Hace poco, e impulsada por la recomendación de una amiga, me hice parte de una comunidad donde prima la libertad, entendida desde su orígen: Couchsurfing.
Son miles de aventuras por contar
las que traen cada uno de los miembros; diferencias culturales las que
se discuten al conocer a alguien, de otro país o ciudad; y maravillas
geográficas las que se nos antoja luego de ver las fotografías que nos compartimos.
Sin duda, en mi experiencia, más
que un intercambio de idiomas, no me deja de sorprender la relación tan
estrecha que tenemos con lo que nos rodea aquí u otro continente, lo
exquisito que es aprender de cada guest o host y que las distancias
abismales solo existen en nuestra cabeza.
Viajar se ha convertido en el común
denominador de las personas y no de algunos privilegiados. Ofrecer lo
que está a nuestro alcance y crecer al interior, tolerarnos sin importar
los choques culturales, aprender a ver y vivir como el otro y sobre
todo, unirnos por completo está cada vez más cerca de lo que creemos.
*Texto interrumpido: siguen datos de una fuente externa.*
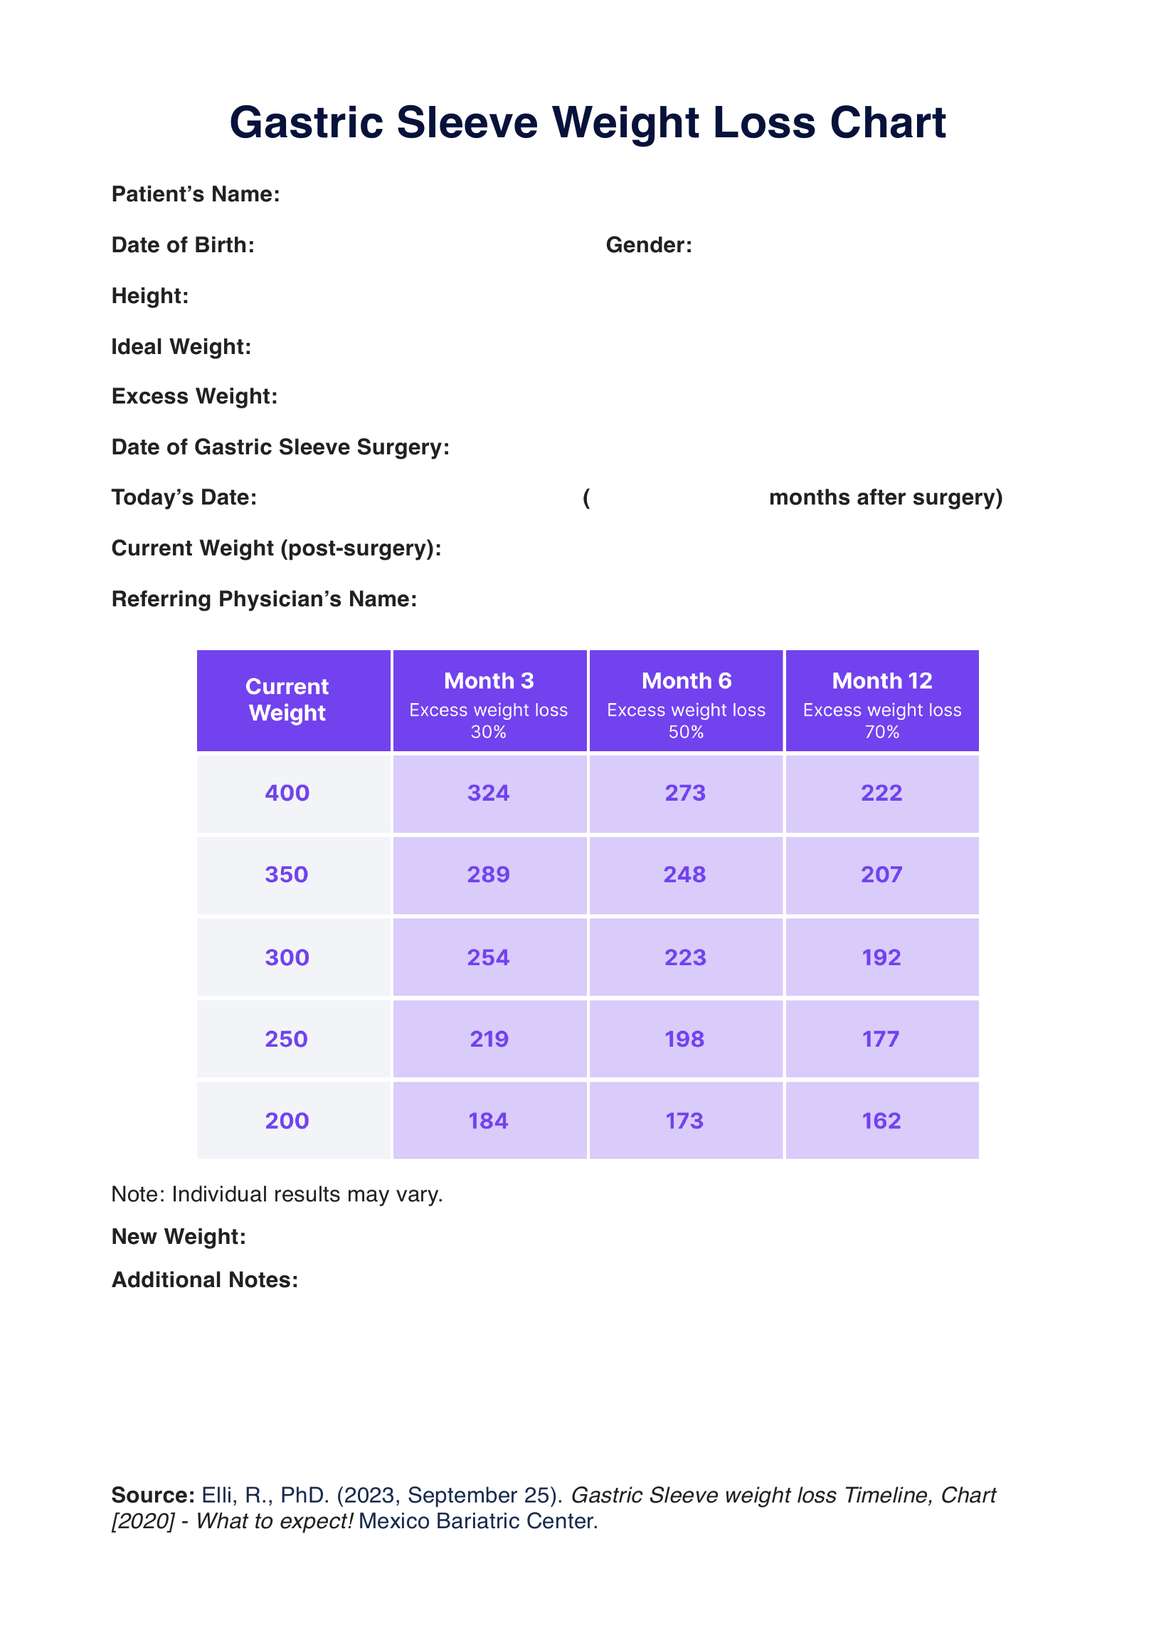 Gastric Sleeve Weight Loss Chart PDF Example

Es por ello que no pierdo la
esperanza de que los rencores, odios y ganas de matarnos entre nosotros
cese pronto, porque iniciativas como estas nos hacen evolucionar y ver
que las diferencias culturales, de puntos de vista o de comer y vestir,
nutren a cada uno de nosotros: -comprendiendo que no existen verdades
absolutas, que no estamos solos y uniéndonos es que nos complementamos.
Viajar es como volar y Couchsurfing
es esa estampida de pájaros libres, unidos que sincronizados migran por
todo el mundo: su hogar.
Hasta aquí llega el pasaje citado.